### Work item
Please write out exactly, without any picture, each line from the first in the listing through the line that includes "Caucasian man wearing".

### Collected material

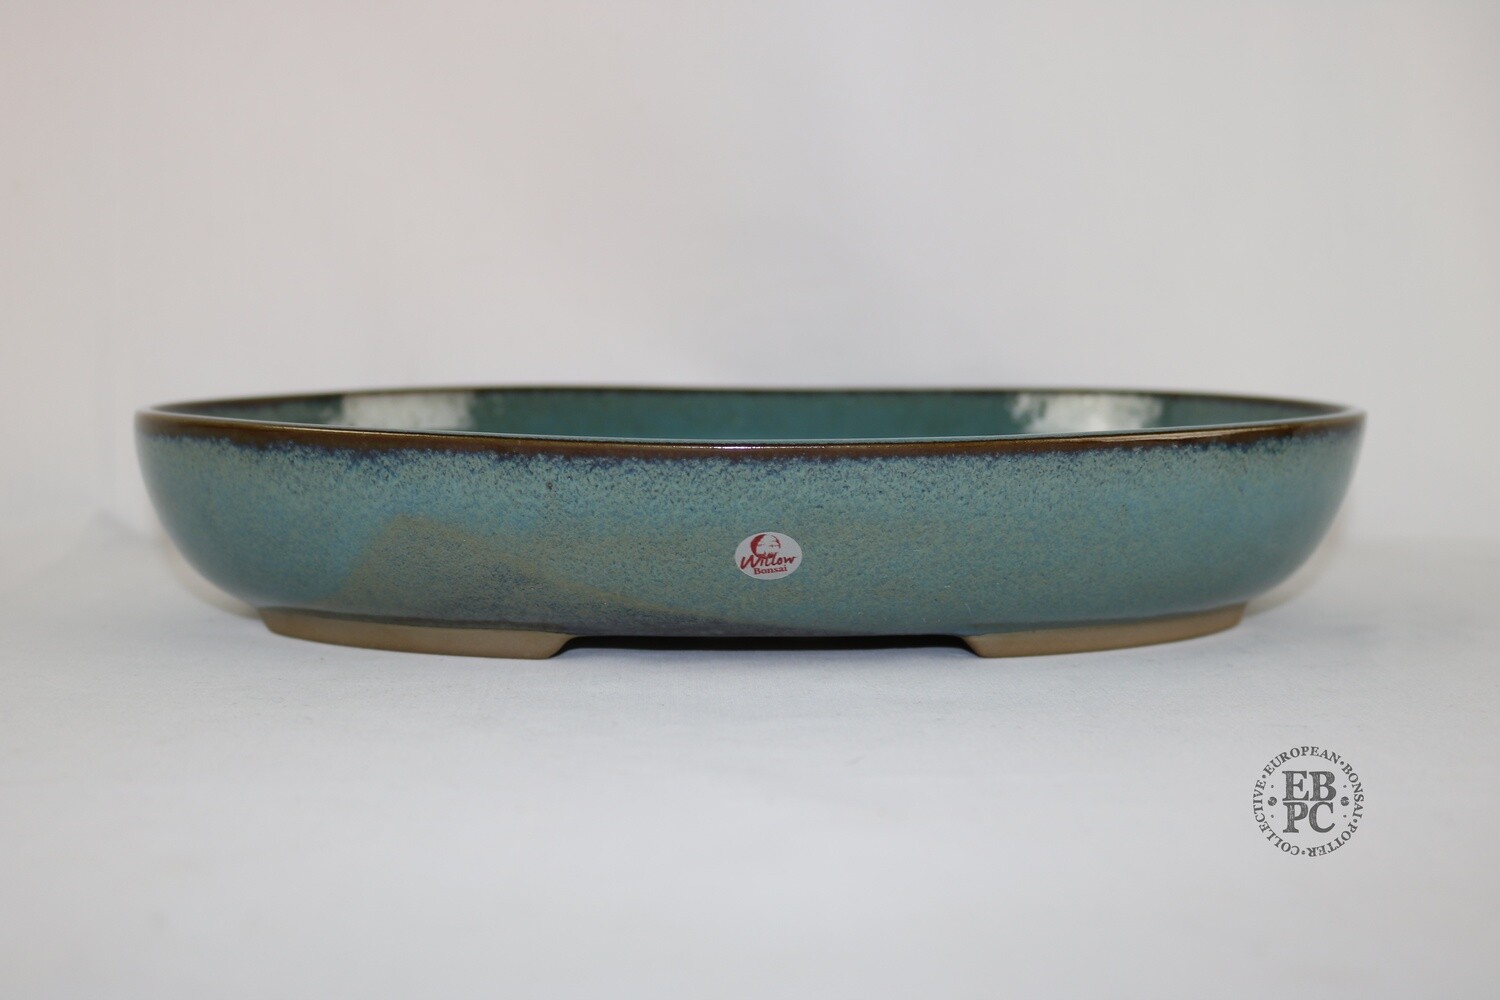 Willow Bonsai Pots. 31.2cm; Oval; Peacock Glaze; Bluish Green; Browns; Recessed Feet; Made in South Africa.
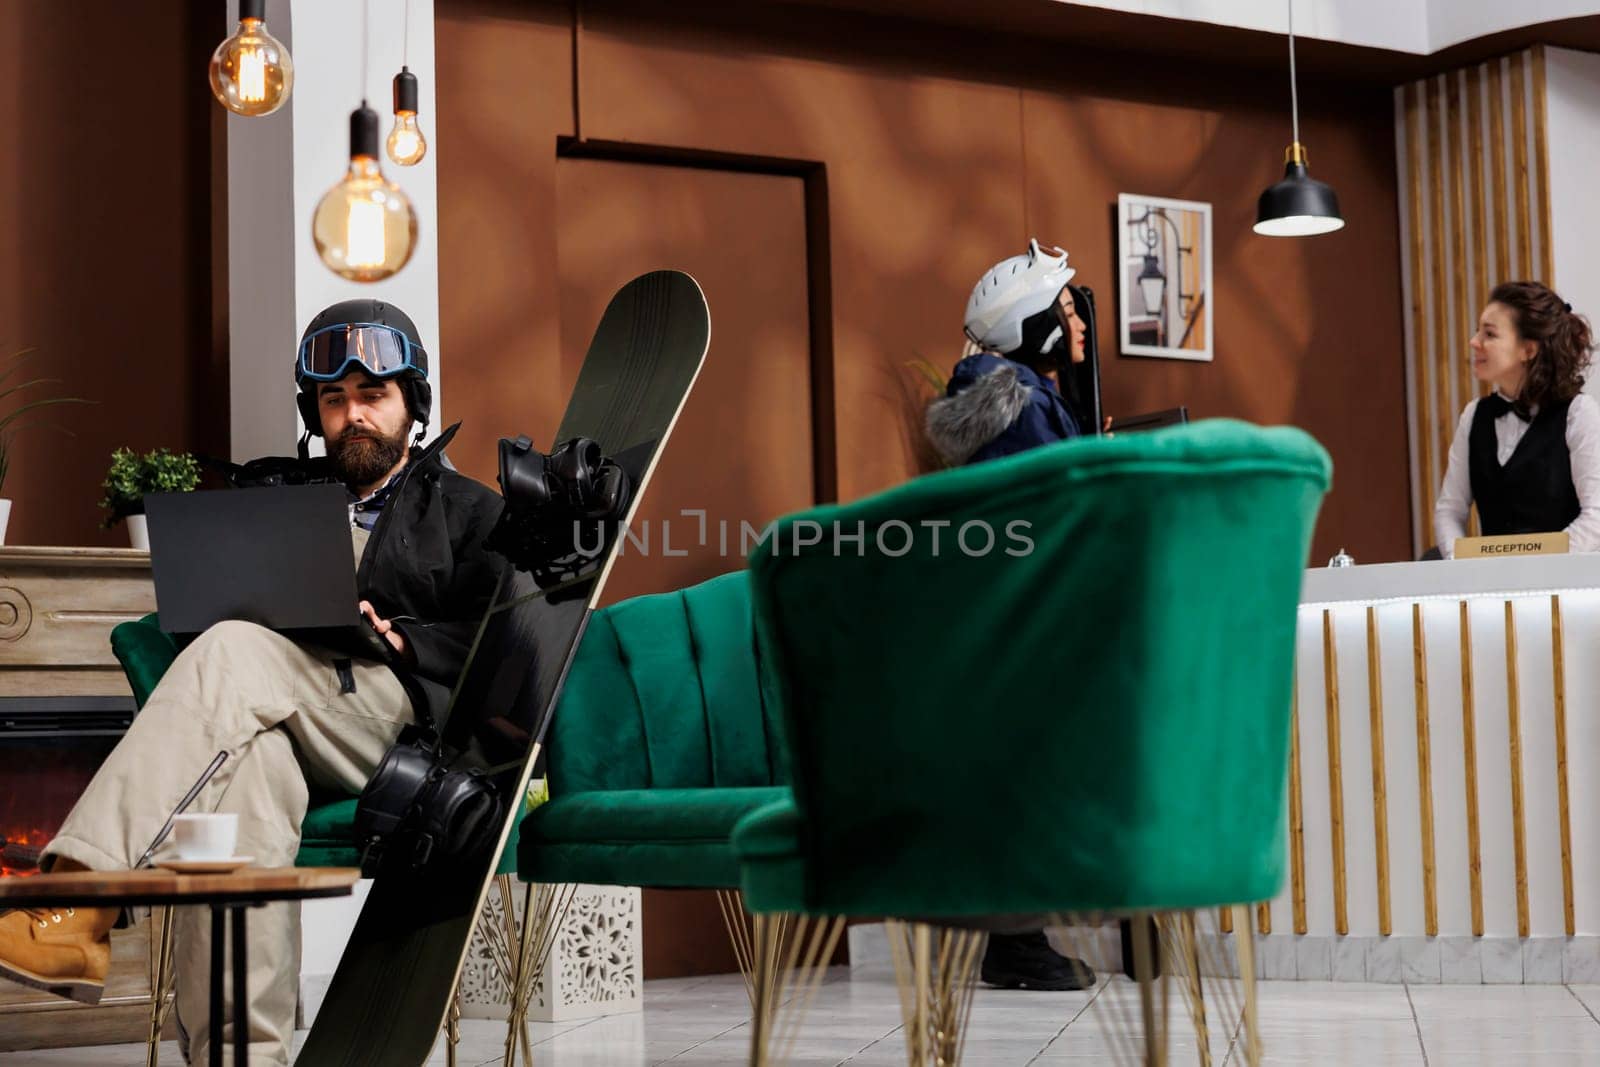 Caucasian man wearing winter clothing sitting on hotel lobby sofa and using laptop for booking. Staff assists guest in the background. Snowboard and ski goggles suggests ski resort holiday.
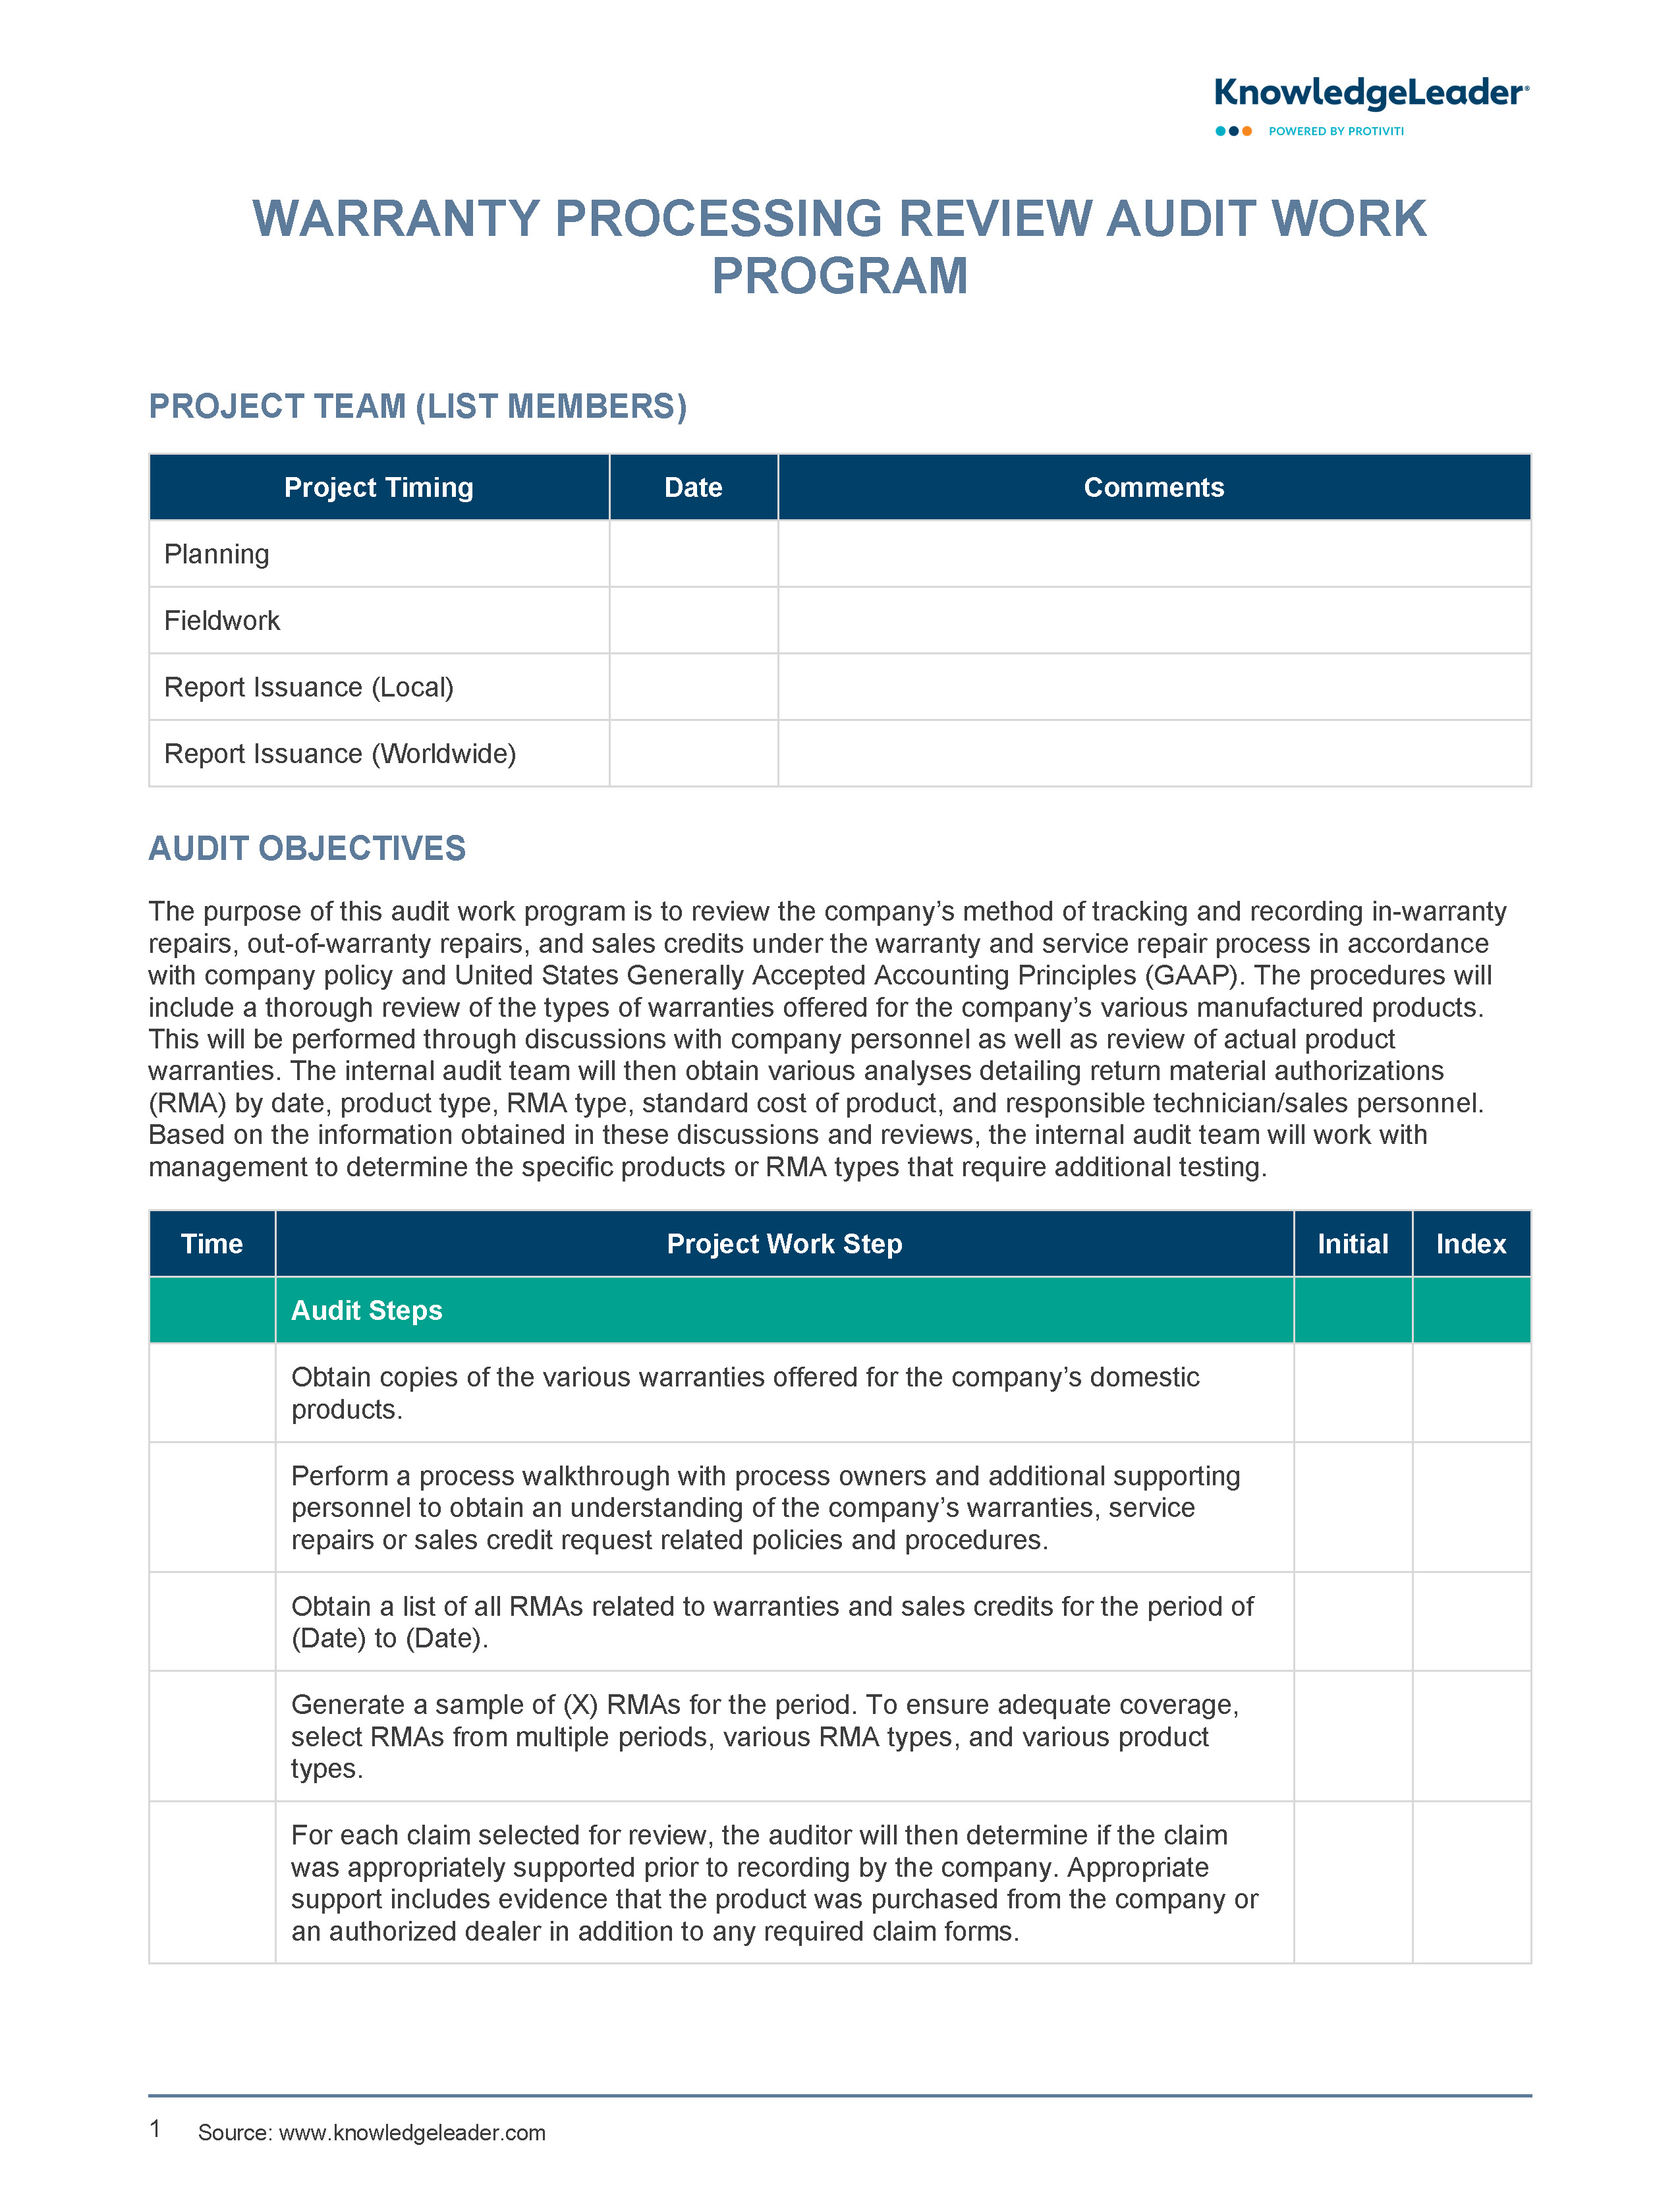 Screenshot of the first page of Warranty Processing Review Audit Work Program

### Result of this task
 Willow Bonsai Pots. 31.2cm; Oval; Peacock Glaze; Bluish Green; Browns; Recessed Feet; Made in South Africa.
 Caucasian man wearing winter clothing sitting on hotel lobby sofa and using laptop for booking. Staff assists guest in the background. Snowboard and ski goggles suggests ski resort holiday.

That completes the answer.